Fortify

Fortify is a production-grade resilience and fault-tolerance library for Go 1.23+. It provides a comprehensive suite of battle-tested patterns including circuit breakers, retries, rate limiting, timeouts, and bulkheads with zero external dependencies for core functionality.

Features

🔒 Type-Safe: Built with Go 1.23+ generics for compile-time safety
⚡ High Performance: <1µs overhead with zero allocations in hot paths
🎯 Zero Dependencies: Core patterns have no external dependencies
🔍 Observable: Built-in support for structured logging (slog) and OpenTelemetry
📊 Prometheus Metrics: Export metrics for all resilience patterns
🌐 Framework Integration: First-class support for HTTP and gRPC
🧩 Composable: Fluent API for combining multiple patterns
🧪 Well Tested: >95% test coverage with race detection
🌪️ Chaos Engineering: Built-in testing utilities for resilience validation
📈 Performance Testing: Automated regression detection and benchmarking
📊 Production Ready: Battle-tested patterns with comprehensive examples

Installation

go get github.com/felixgeelhaar/fortify

Requirements: Go 1.23 or higher

Quick Start

package main

import (
    "context"
    "time"

    "github.com/felixgeelhaar/fortify/circuitbreaker"
    "github.com/felixgeelhaar/fortify/retry"
)

func main() {
    // Create a circuit breaker
    cb := circuitbreaker.New[string](circuitbreaker.Config{
        MaxRequests: 100,
        Interval:    time.Second * 10,
        ReadyToTrip: func(counts circuitbreaker.Counts) bool {
            return counts.ConsecutiveFailures >= 3
        },
    })

    // Create a retry strategy
    r := retry.New[string](retry.Config{
        MaxAttempts:   3,
        InitialDelay:  time.Millisecond * 100,
        BackoffPolicy: retry.BackoffExponential,
    })

    // Use them together
    result, err := cb.Execute(context.Background(), func(ctx context.Context) (string, error) {
        return r.Do(ctx, func(ctx context.Context) (string, error) {
            return callExternalService(ctx)
        })
    })
}

Patterns

Circuit Breaker

Prevents cascading failures by temporarily stopping requests to failing services.

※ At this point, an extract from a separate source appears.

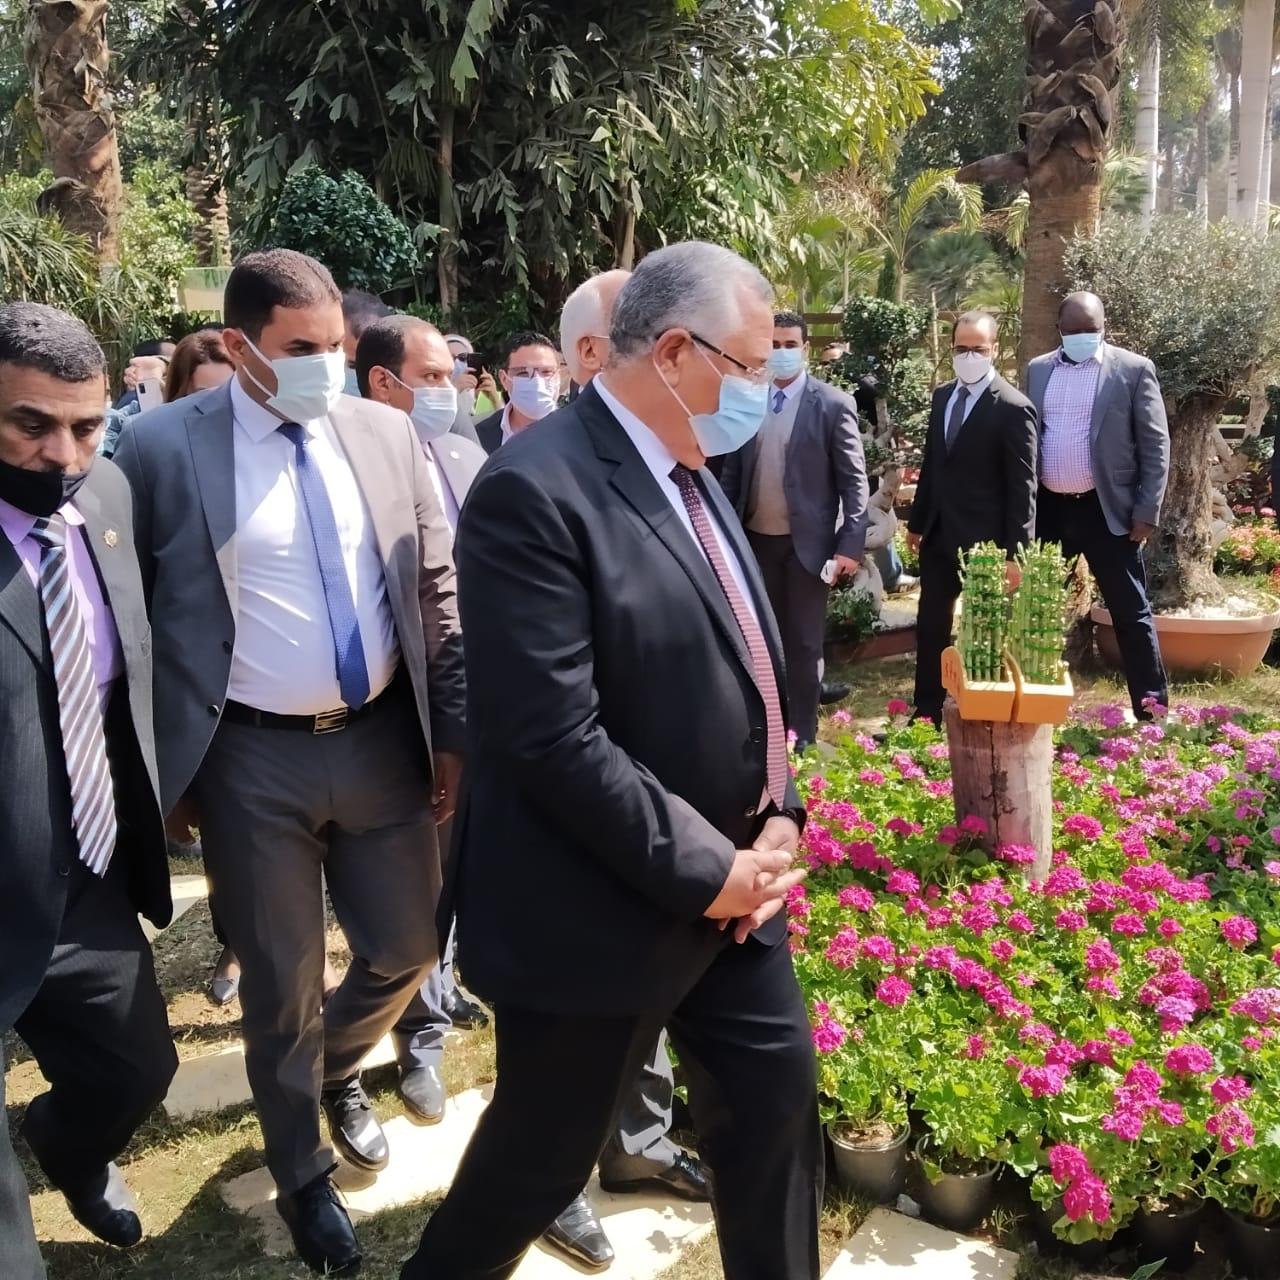 وزيرا الزراعة والشباب ومحافظ الجيزة يفتتحون معرض زهور الربيع بالأورمان

import "github.com/felixgeelhaar/fortify/circuitbreaker"

cb := circuitbreaker.New[Response](circuitbreaker.Config{
    MaxRequests: 100,
    Interval:    time.Second * 60,
    Timeout:     time.Second * 30, // Half-open timeout
    ReadyToTrip: func(counts circuitbreaker.Counts) bool {
        failureRatio := float64(counts.TotalFailures) / float64(counts.Requests)
        return counts.Requests >= 10 && failureRatio >= 0.5
    },
    OnStateChange: func(from, to circuitbreaker.State) {
        log.Printf("Circuit breaker: %s -> %s", from, to)
    },
})

result, err := cb.Execute(ctx, func(ctx context.Context) (Response, error) {
    return makeRequest(ctx)
})

States: Closed → Open → Half-Open → Closed

Use Cases:

Protecting against cascading failures
Preventing resource exhaustion
Fast failure for unhealthy dependencies

Retry

Automatically retries failed operations with configurable backoff strategies.

import "github.com/felixgeelhaar/fortify/retry"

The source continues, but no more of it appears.